Saturday, January 29, 2005

Maybe love is never appropriate?

I wonder sometimes about the idea of love. Most especially lately about the idea of falling in love with someone....inappropriate. (how I hate that word, even at the best of times I always feel like there's a sneer in that word)

It's been awhile since I've had a "special someone" in my life. And I have to say - the last person I loved, and was loved by, was beyond inappropriate. That relationship was ill-advised at the best of times and suicidal at the worst... but that's not what I'm thinking about now.

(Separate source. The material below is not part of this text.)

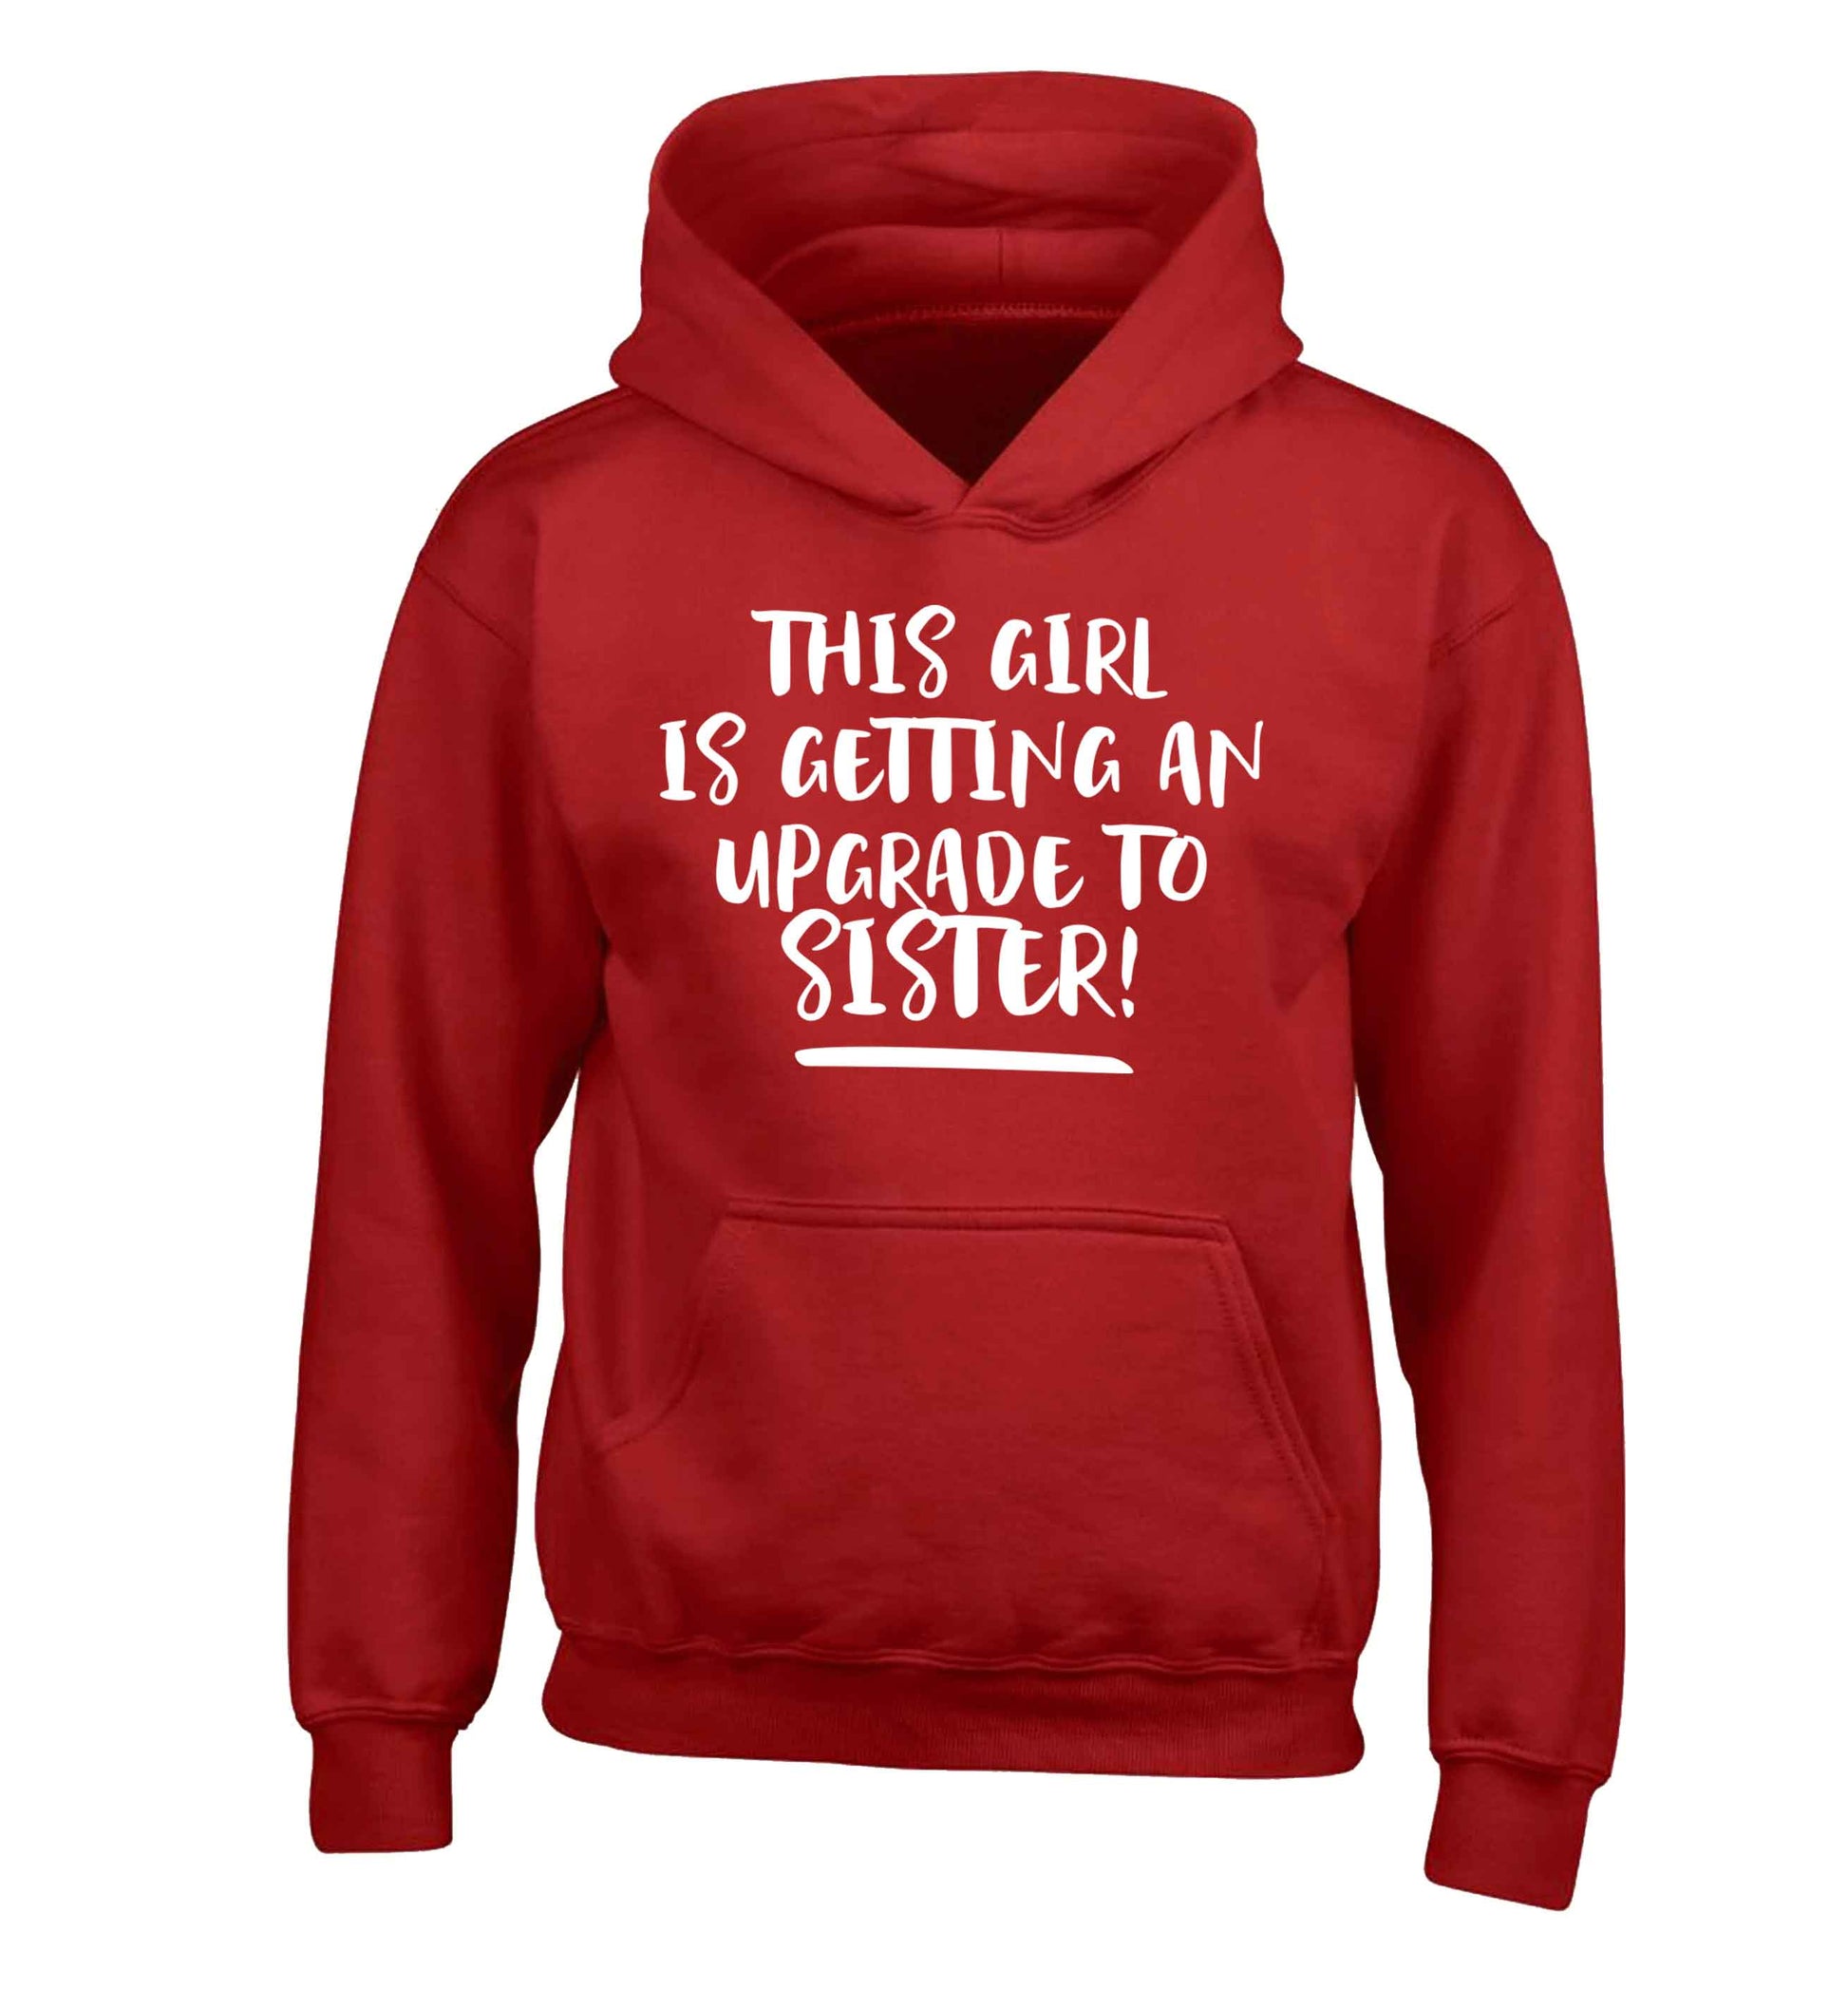 This girl is getting an upgrade to sister! children's red hoodie 12-13 Years

These days I crush easily; almost never pursue any of it and then, eventually through time or familiarity or new girlfriends, the crush dies. I don't really "put myself out there" very much. My deepest feelings these days are reserved for those friends who have become like family: daily fixtures who I adore and would hate to lose but who I would never think to think of "in that way" - because it would be inappropriate.

"You can't help who you fall in love with."

I used to believe this absolutely. That love was beyond your control - you love who you love and sometimes that's not very healthy and sometimes it works out beautifully. I'm not sure how I feel now. If you don't acknowledge a feeling, if you repress it and don't allow it to grow - does that mean you are preventing yourself from falling...? I wonder about people who fall in love with someone who is married, someone too old, or too young for them... someone "inappropriate". Could they help it? Did they want to? Do those people just throw caution to the wind and say "I love this person" and chase that dream to it's conclusion?

I think the words appropriate/inappropriate are far too intellectual to apply to my idea of love... I think I'm trying to follow that example and intellectualize something that is much more instinct, pheremones, illogical feelings... so many things that are not intellectual.

It's just been on my mind.

Because I am almost never "appropriate".